Topic Associated words
t1 thank, grateful, proud, amazing, heroes
t2 class, sign, trade, worldwide, hold
t3 discuss, blog, discussion, recovery, opportunities
t4 united, fitness, kingdom, complete, image
t5 episode, tune, film, videos, radio
t6 rear, accord, whack, discomfort, fills
t7 vaccination, vaccine, dose, drug, booster
t8 letter, homes, worker, pay, private
t9 visit, eye, tweet, click, website
t10 die, dying, true, killing, cause
t11 confirmed, total, English, wales, reports
t12 rear, accord, jeopardise, unknowingly, discomfort
t13 lies, cummings, press, leader, prime
t14 coronavirus, pandemic, outbreak, instagram, outbreak
t15 masks, wear, face, hand, covering
t16 slow, thread, implement, testandtrace, symptom
t17 couple, havent, felt, daughter, holiday
t18 stay, loved, tough, pray, healthy

Analysis of Location

Figure 2 shows the number of emojis across a sample of UK cities, where the sample consists of the top 9 cities in our data, more specifically those that had the highest number of tweets (Table 1): Bristol, Birmingham, Leicester, Leeds, Liverpool, London, Manchester, Nottingham, and Sheffield. The emoji set included the following topics: virus, face-mask, thumbs-up/-down, broken heart, and others. The proportion of emojis differed from city to city. For example, usage of the syringe, or known today as the COVID-19 vaccine emoji, was high in Liverpool; the thumbs-down emoji was high in Birmingham; and the mask emoji was highly used in London and Liverpool. These emojis are relevant to the COVID-19 pandemic, demonstrating the benefits of our data in mining and analyzing social data such as Twitter for a better understanding of the impact of the pandemic on people from different areas in the United Kingdom.

Figure 2.

Figure 2

The number of emojis used across a sample of UK cities.
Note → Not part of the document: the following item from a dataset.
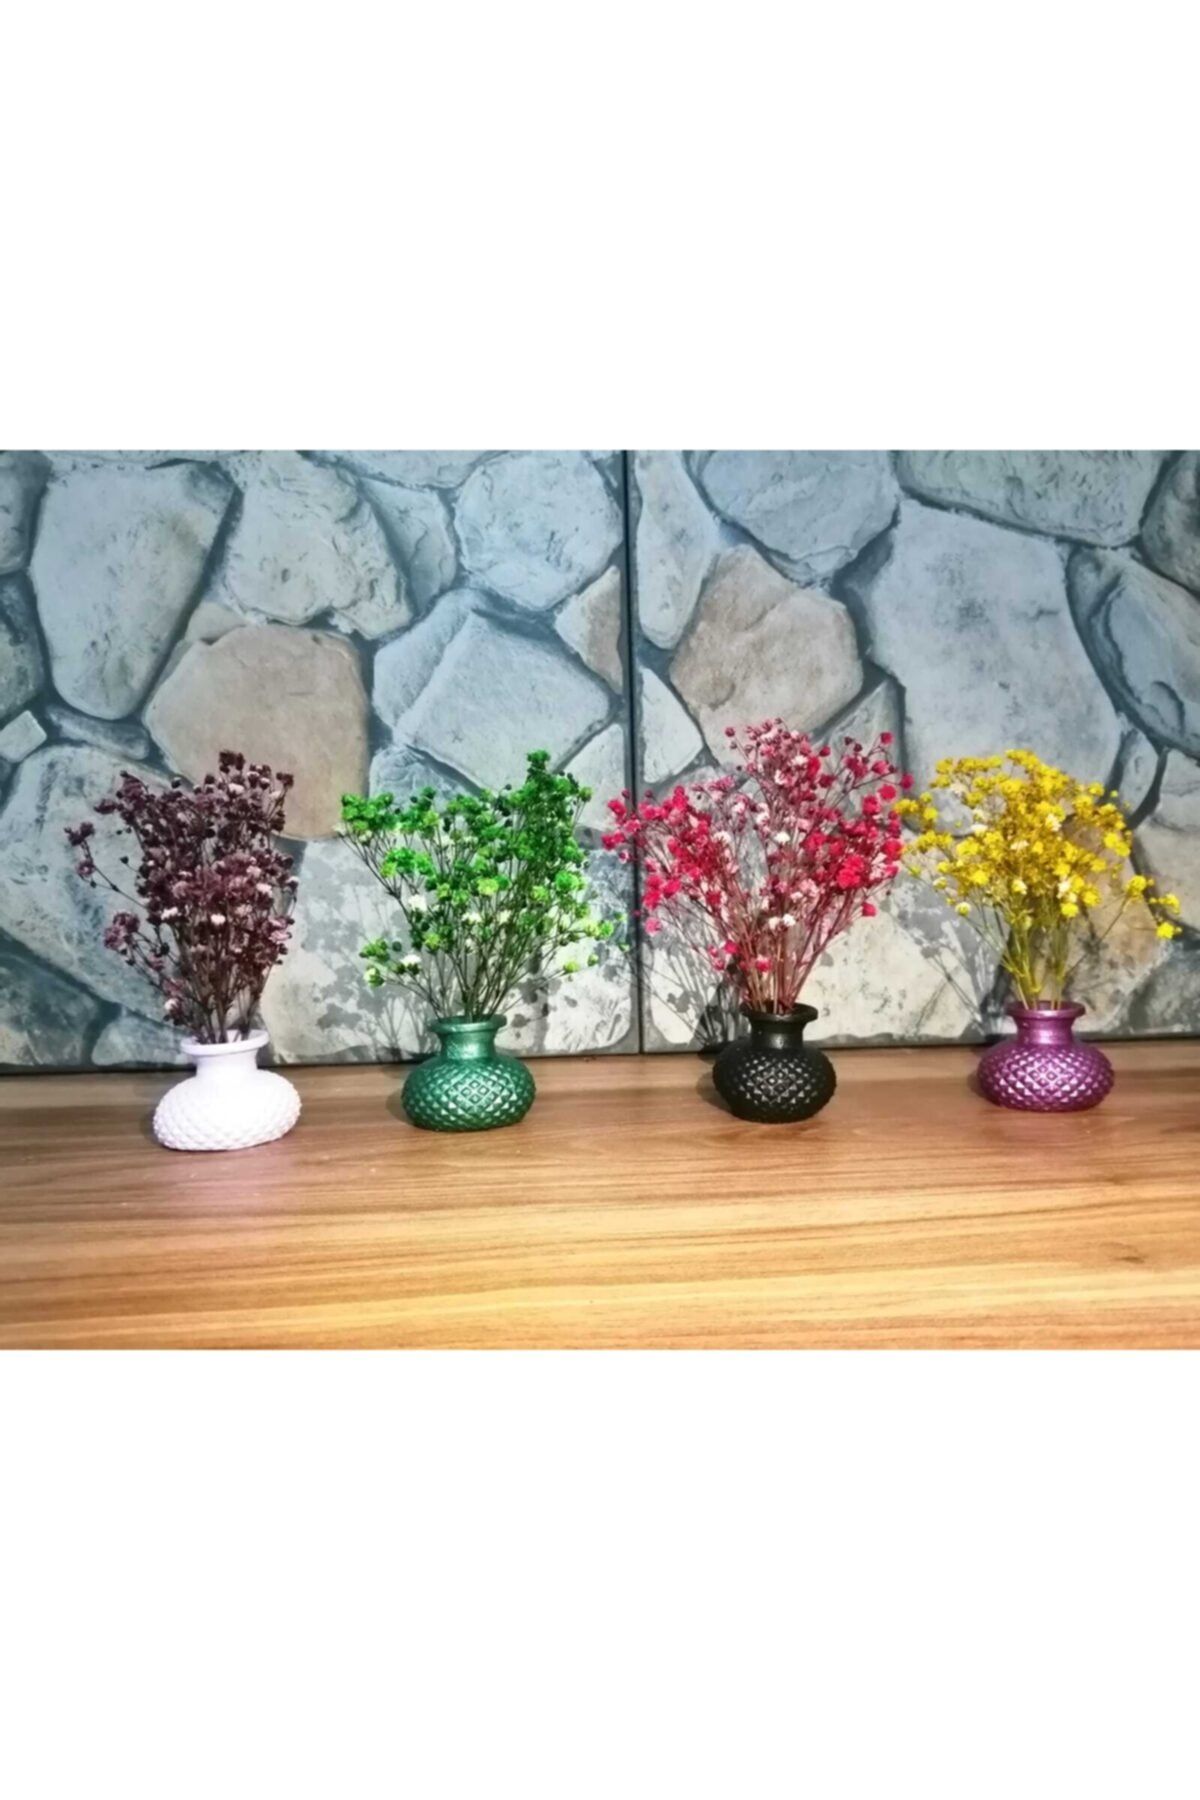 MevaDesing Sunumluk Vazo Takımı 4 Adet Ve Çiçekleri

In Figure 3, we present the proportions of five sentiments (strong positive, weak positive, neutral, weak negative, and strong negative) in the top 9 cities in our data in terms of their number of tweets. We can observe that approximately 60% of tweets were positive and 20% were negative in each city. At the same time, the percentage of tweets with different sentiments differed among these cities. For example, Leeds had a relatively high proportion of strong negative tweets and Sheffield had a relatively low proportion of strong positive tweets.

Figure 3.

Figure 3

The distribution of sentiment expressions across a sample of UK cities.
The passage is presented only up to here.